### EXERCISE DATA
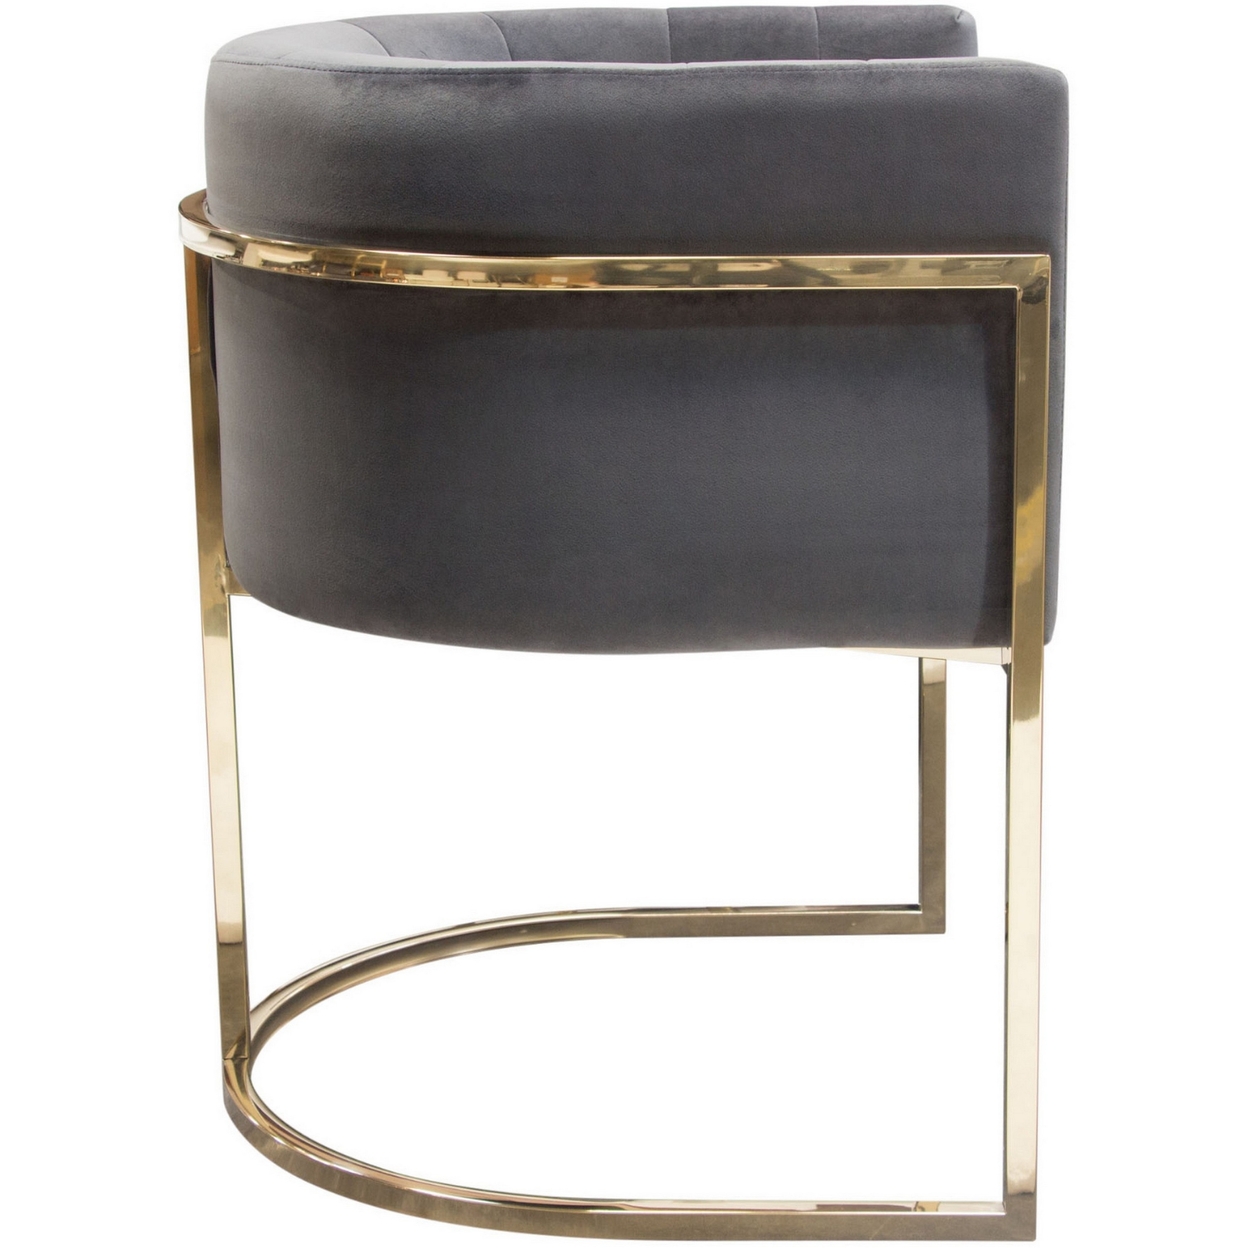 Meha 24 Inch Cantilever Dining Chair, Gray Velvet Upholstery, Gold Frame- Saltoro Sherpi
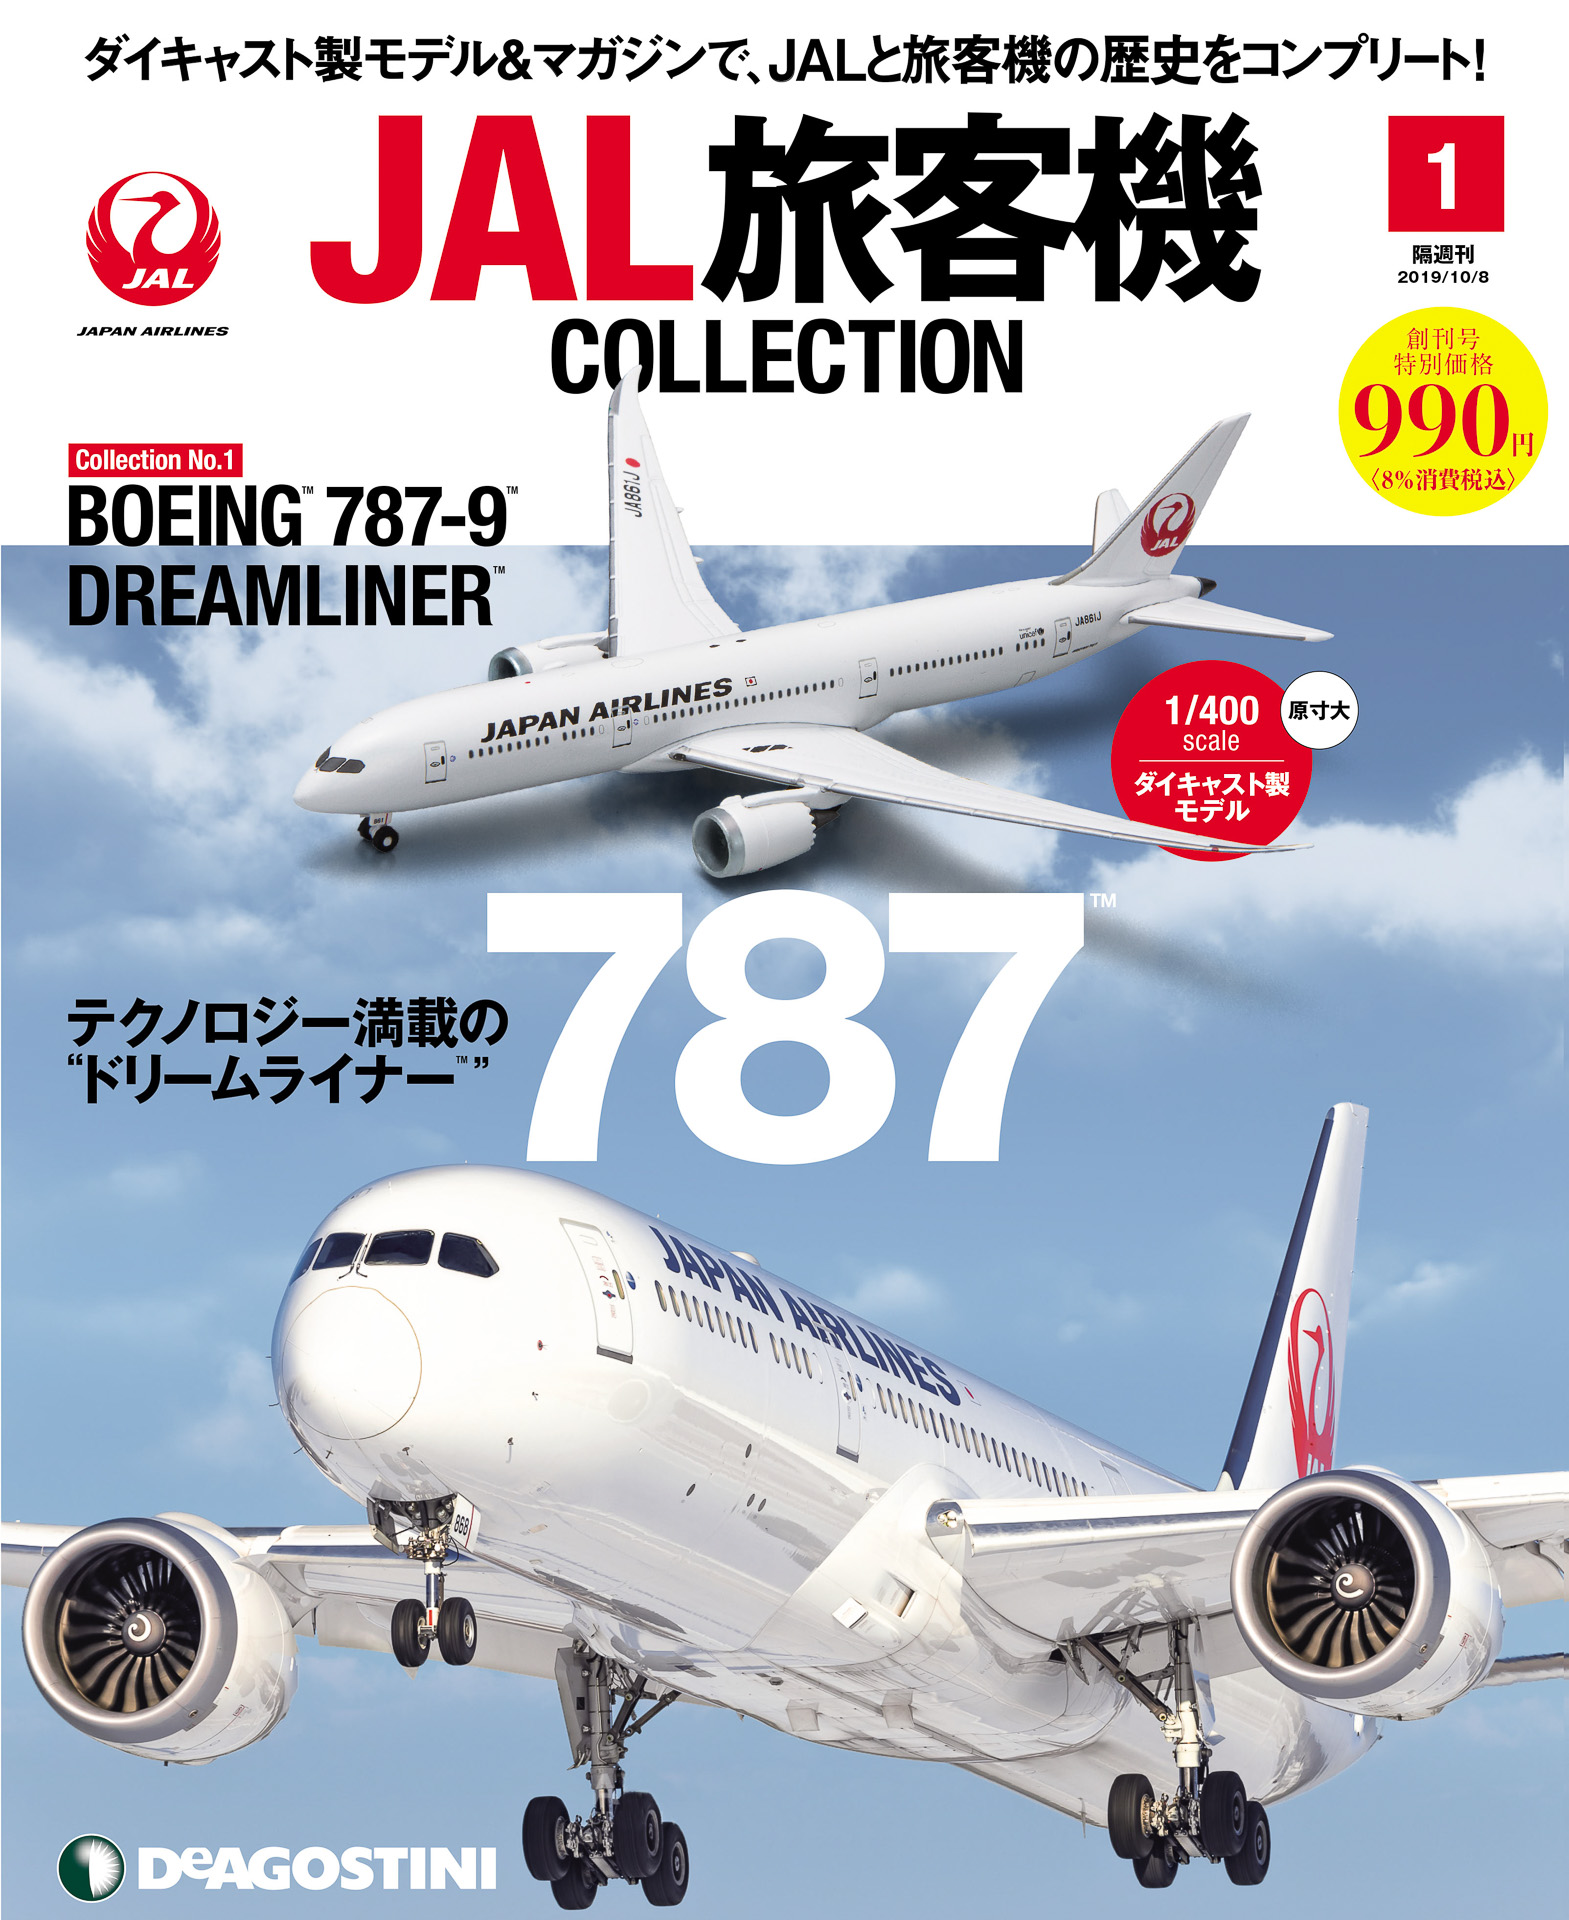 JALUX、デアゴスティーニ「JAL旅客機コレクション」を羽田空港や 
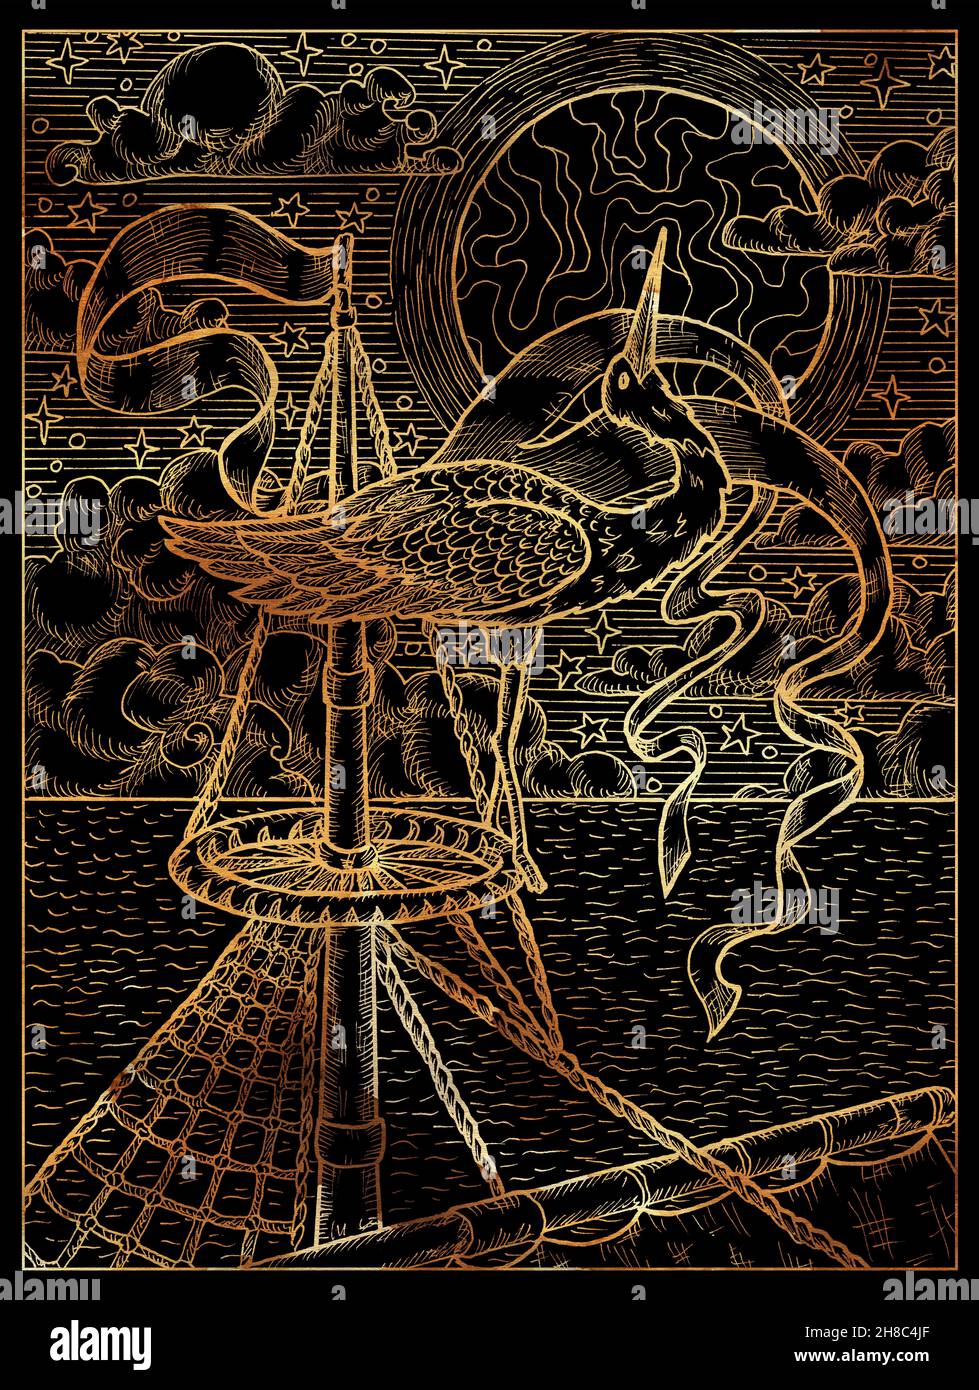 Illustration noire et dorée d'un élégant cigogne dans le nid sur le mât du navire contre le fond de la mer, de la lune et des nuages.Dessins vintage, conflue marine Banque D'Images

### TASK TO COMPLETE
Could you give the listing again exactly, minus its pictures?

### FINISHED TASK
 Meha 24 Inch Cantilever Dining Chair, Gray Velvet Upholstery, Gold Frame- Saltoro Sherpi
 JALUX、デアゴスティーニ「JAL旅客機コレクション」を羽田空港や 
 Illustration noire et dorée d'un élégant cigogne dans le nid sur le mât du navire contre le fond de la mer, de la lune et des nuages.Dessins vintage, conflue marine Banque D'Images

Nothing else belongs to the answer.